Take the lines from the one with "iPadケースはスタンド機能付。ほとんどのiPadに対応。" to the end of the listing, both ends included, and quote them exactly, leaving pictures out.

STORED DATA:
---------------

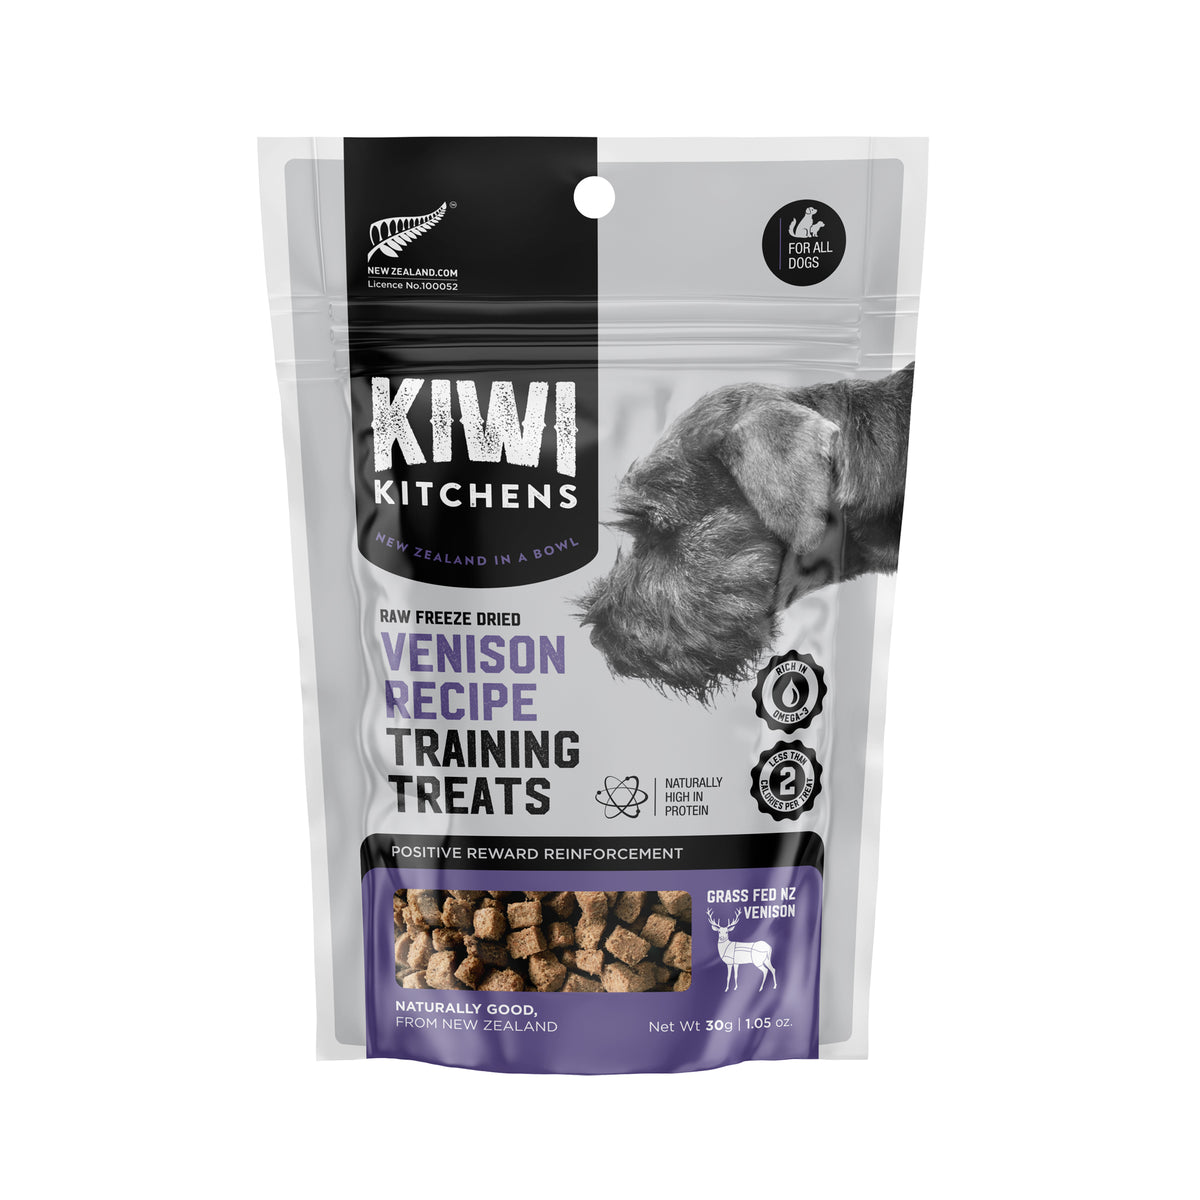 Kiwi Kitchens Raw Freeze Dried Venison Training Treats 30g
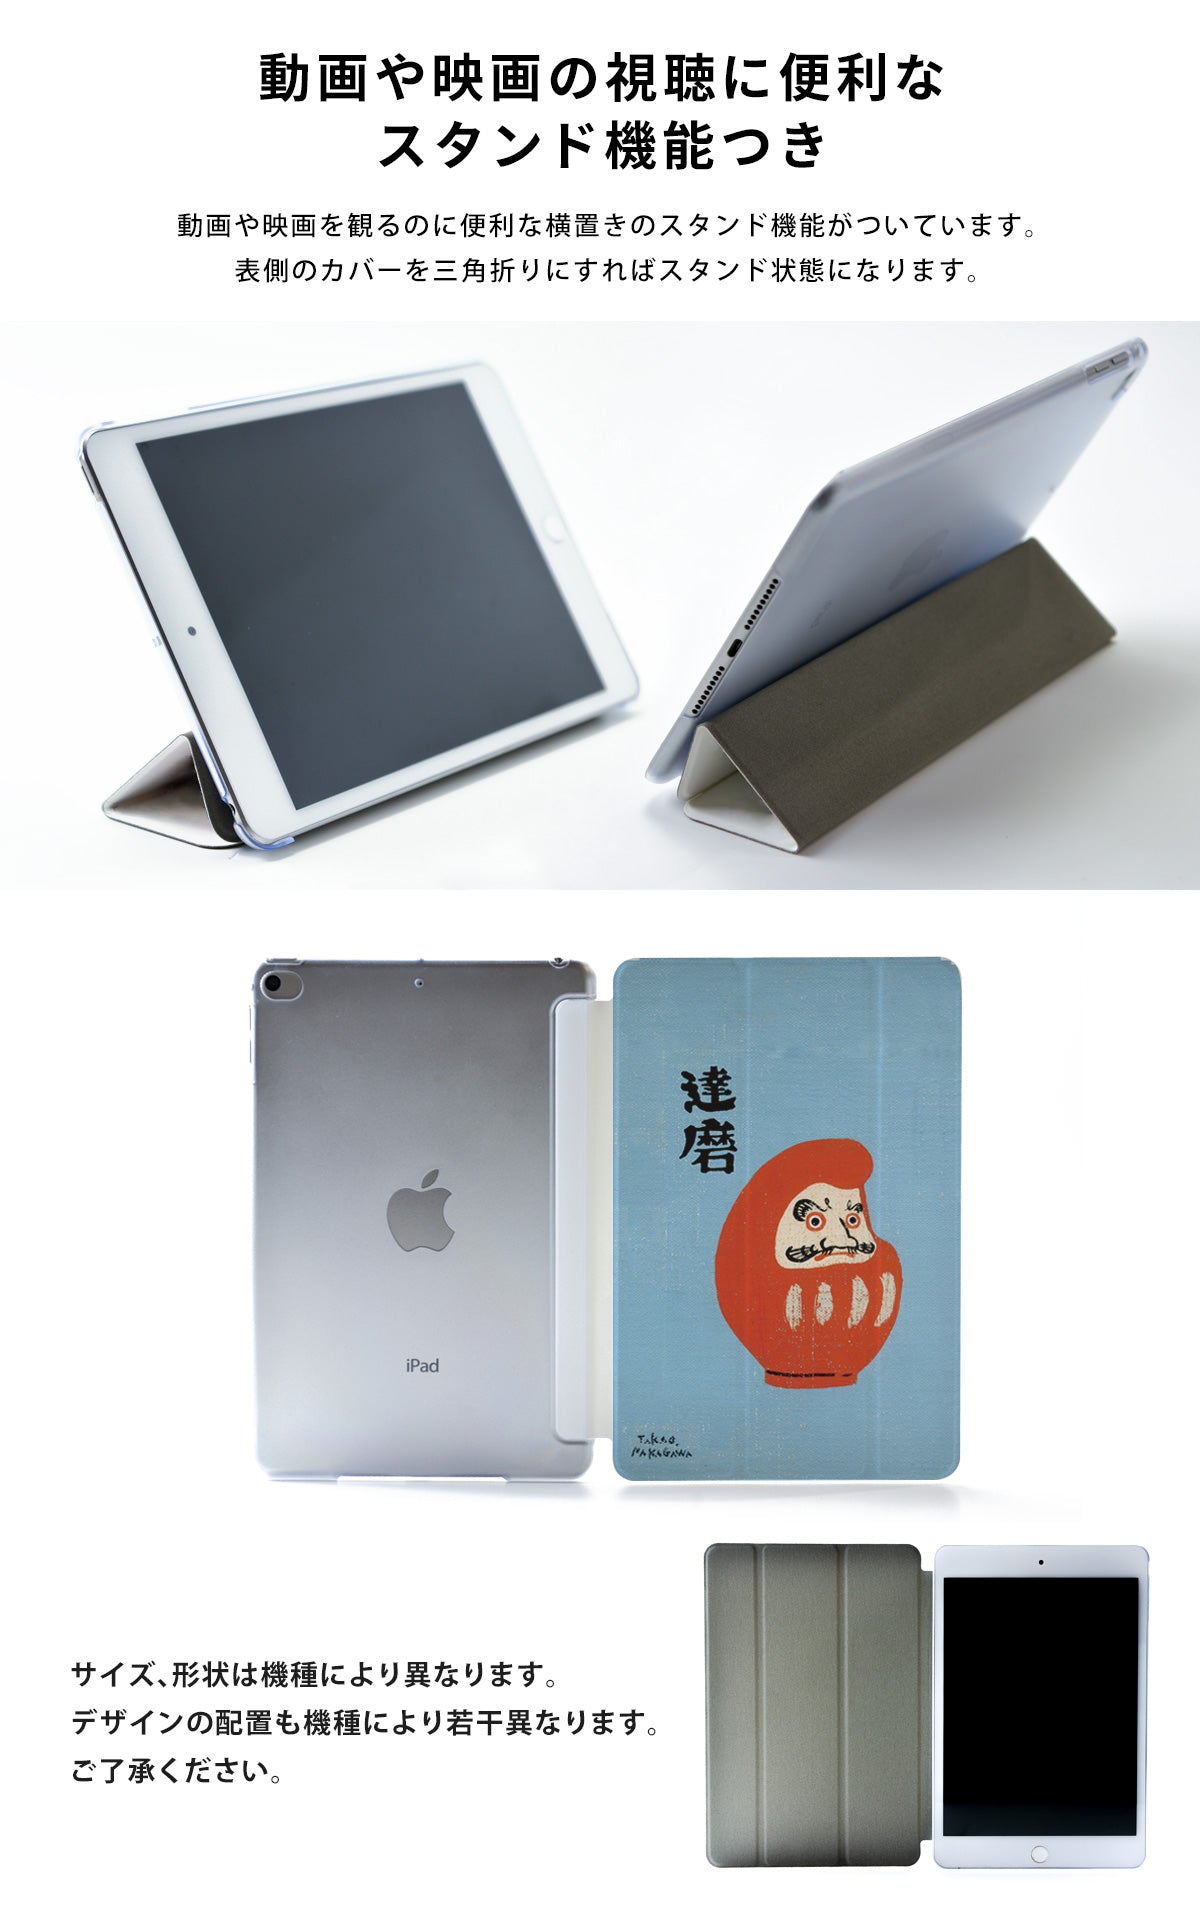 iPadケースはスタンド機能付。ほとんどのiPadに対応。
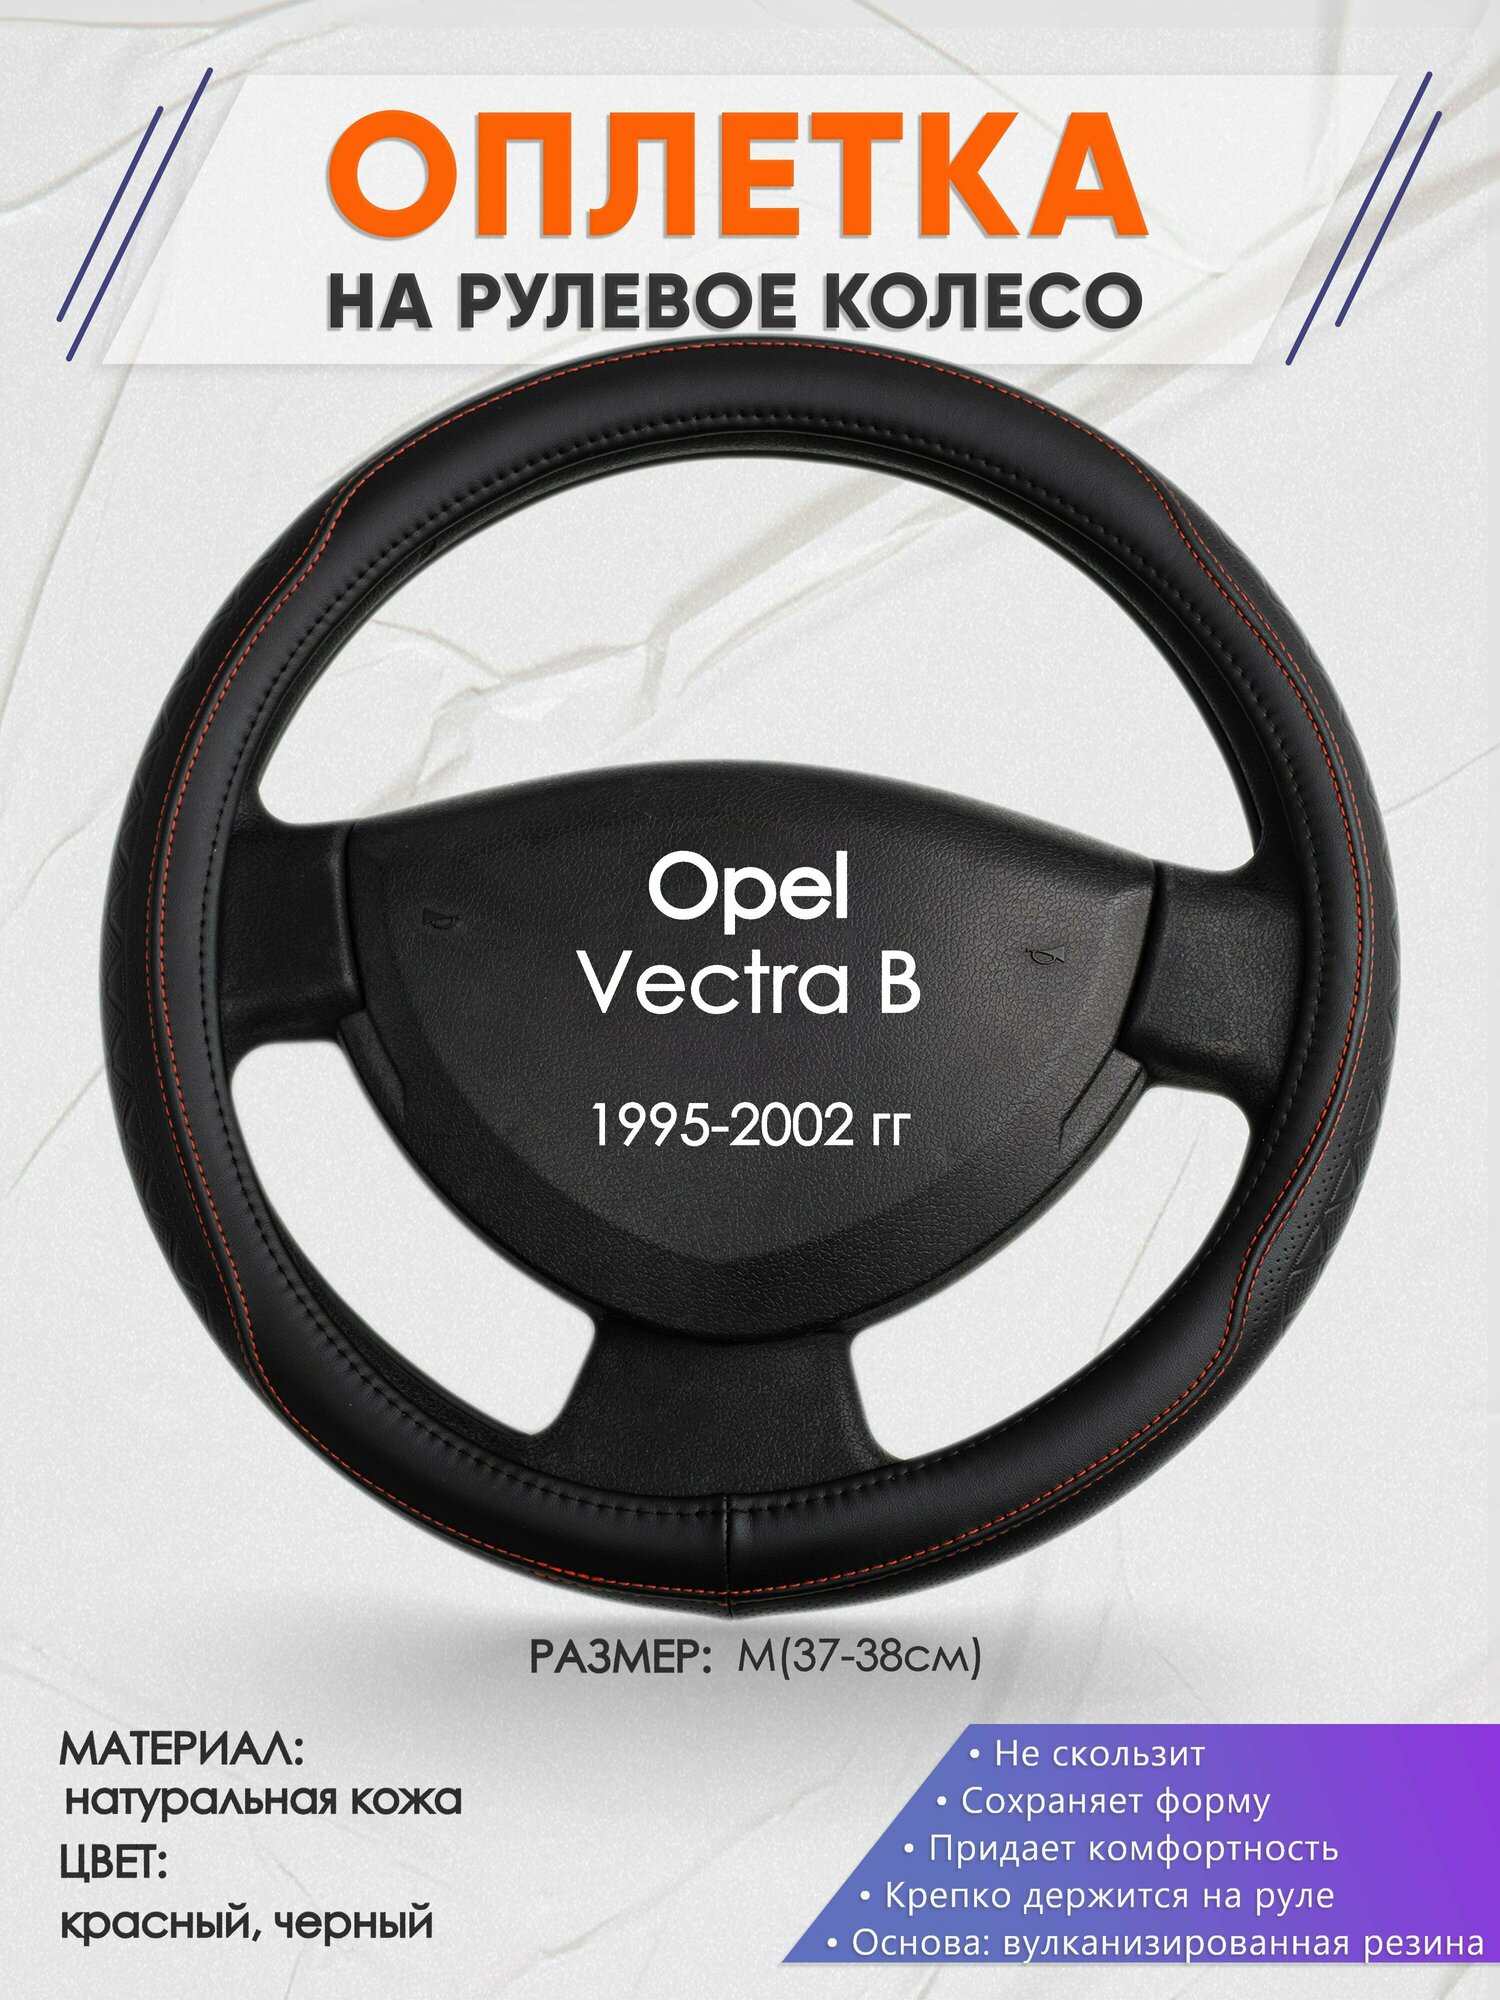 Оплетка на руль для Opel Vectra B(Опель Вектра Б) 1995-2002, M(37-38см), Натуральная кожа 90

---------------

WRITTEN ANSWER:
 iPadケースはスタンド機能付。ほとんどのiPadに対応。
 Оплетка на руль для Opel Vectra B(Опель Вектра Б) 1995-2002, M(37-38см), Натуральная кожа 90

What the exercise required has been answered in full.